In its supplemental brief (download here), Hall Street Associates contended that the FAA is an issue in the case only as to whether it barred the kind of judicial review exercised by the judge. The issue, it said, is not whether the FAA authorized judges to enforce private agreements to expand judicial review of an award, but whether it prohibits them. Hall Street wants the Justices to remove that “roadblock” to such review. The Ninth Circuit’s interpretation of the FAA, the brief added, “is the only impediment” to enforcement of the parties’ agreement on the scope of court review. “Hall Street has consistently maintained that the district court had ample authority to vacate and modify the arbitration award under the agreement,” it said.

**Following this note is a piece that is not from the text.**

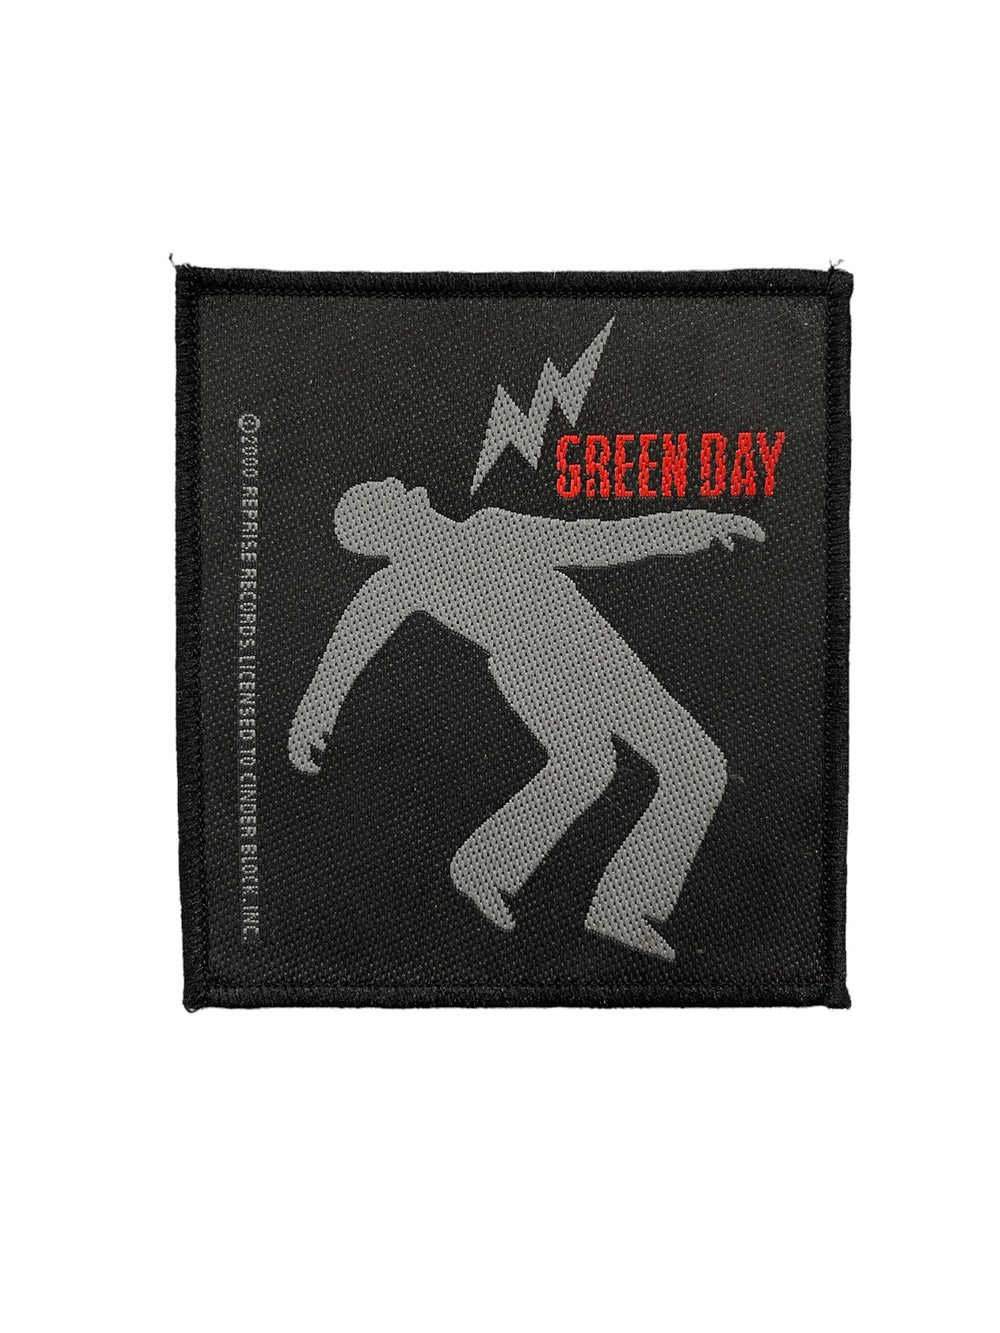 Green Day Lightning Official Woven Patch Brand New

One source of authority outside FAA for court enforcement of a broader judicial review agreement, Hall Street asserted, is the court’s inherent authority to manage cases before it. Since the arbitration that occurred in this case was undertaken while the case was pending, as a form of alternative dispute resolution, the judge had authority to enforce the broader review agreement. As a second source of law, the brief went on, there are common law remedies. Under the common law, a party could sue to enforce or set aside an arbitration award, it noted. The agreement on a judicial review provision was a contractual commitment the two sides made to each other voluntarily, and it is enforceable at common law, the brief said. It insisted that the parties relied upon those other authorities, since they were asking the court to engage in contract arbitration, not statutory arbitration under FAA. And, it added, Hall Street never waived any alternative sources of law.

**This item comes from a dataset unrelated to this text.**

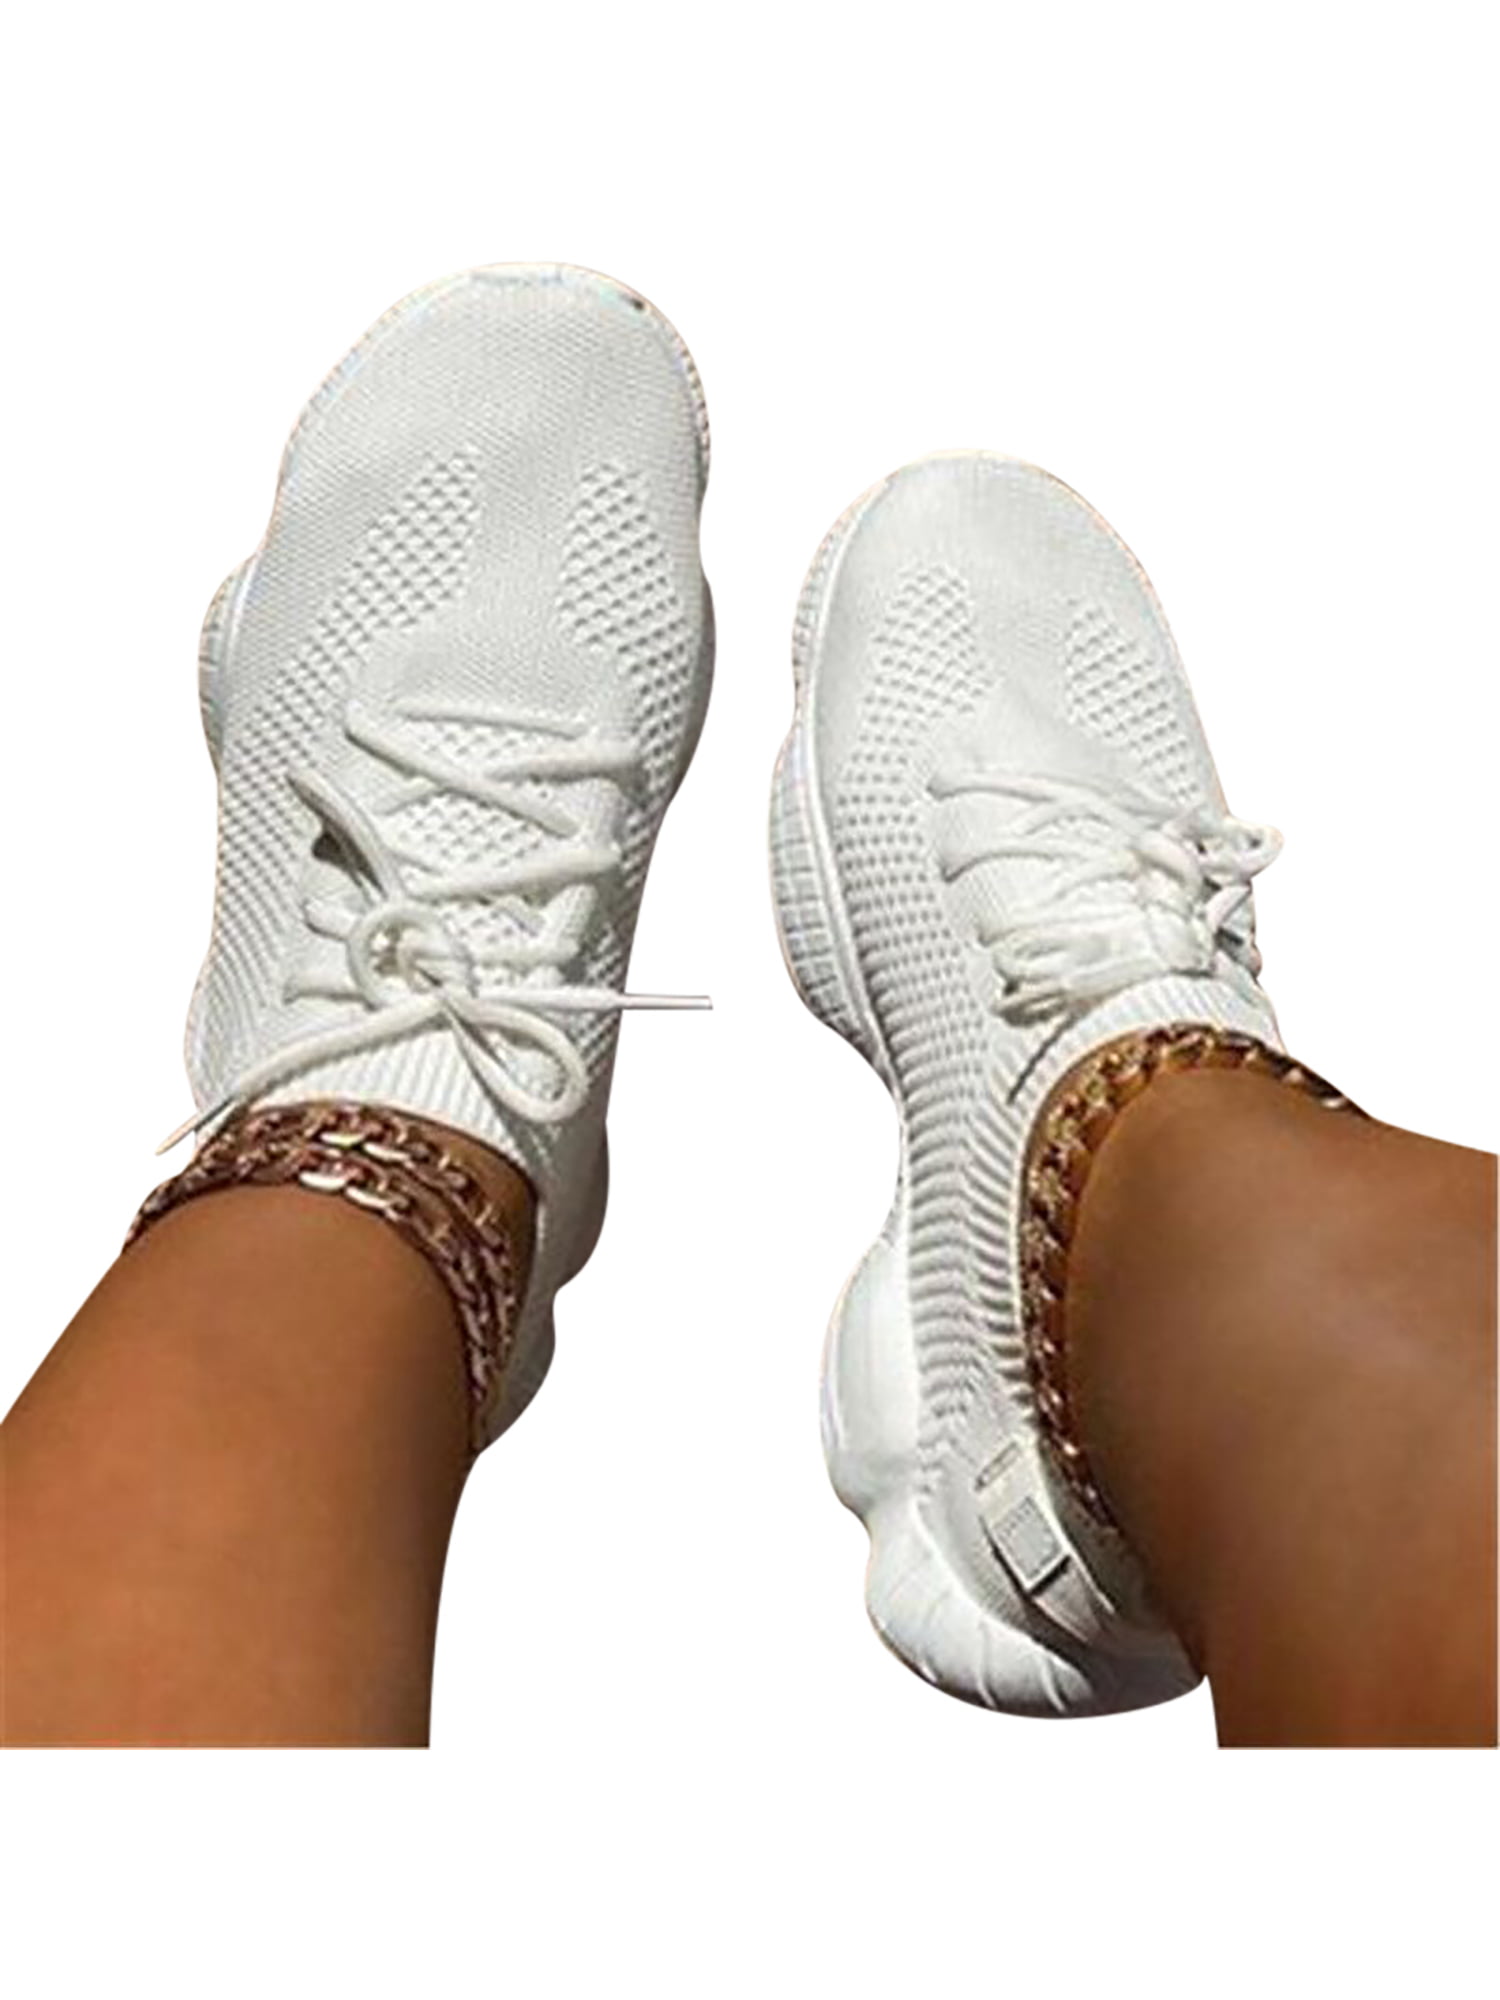 WOMENS Girls SNEAKERS Breathable MESH RUNNING WALKING CASUAL Iridescent SHOES

Mattel’s supplemental brief (download here) argued that the dispute throughout its course in federal courts has been only about the FAA. Both sides, it said, understood that Hall Street Associates’ challenge to the original award favoring Mattel was governed by the FAA, which they agreed allowed for expanded judicial review — an understanding that the Ninth Circuit later rejected. Only when the case went from District Court to the Ninth Circuit, Mattel contended, did Hall Street try to distinguish this case from one controlled by Ninth Circuit precedent on the scope of court power under FAA.

In taking the case to the Supreme Court, Hall Street, according to Mattel, “did not suggest that any law other than the FAA was implicated by this case.” In fact, thed appel relied upon an asserted conflict among Circuit Courts on the scope of FAA, it added. “It is far too late….to contend that there is some alternative authority that may give life to the judicial review provision after [Hall Street] has consistently argued that it is the FAA that does so.” If there are any other sources of law on the subject, Mattel concluded, Hall Street waived any reliance upon them by the positions it has taken throughout the litigation.

Each side gets a chance, by next Monday, to file a reply to the other side’s supplemental argument on the sources of law questions.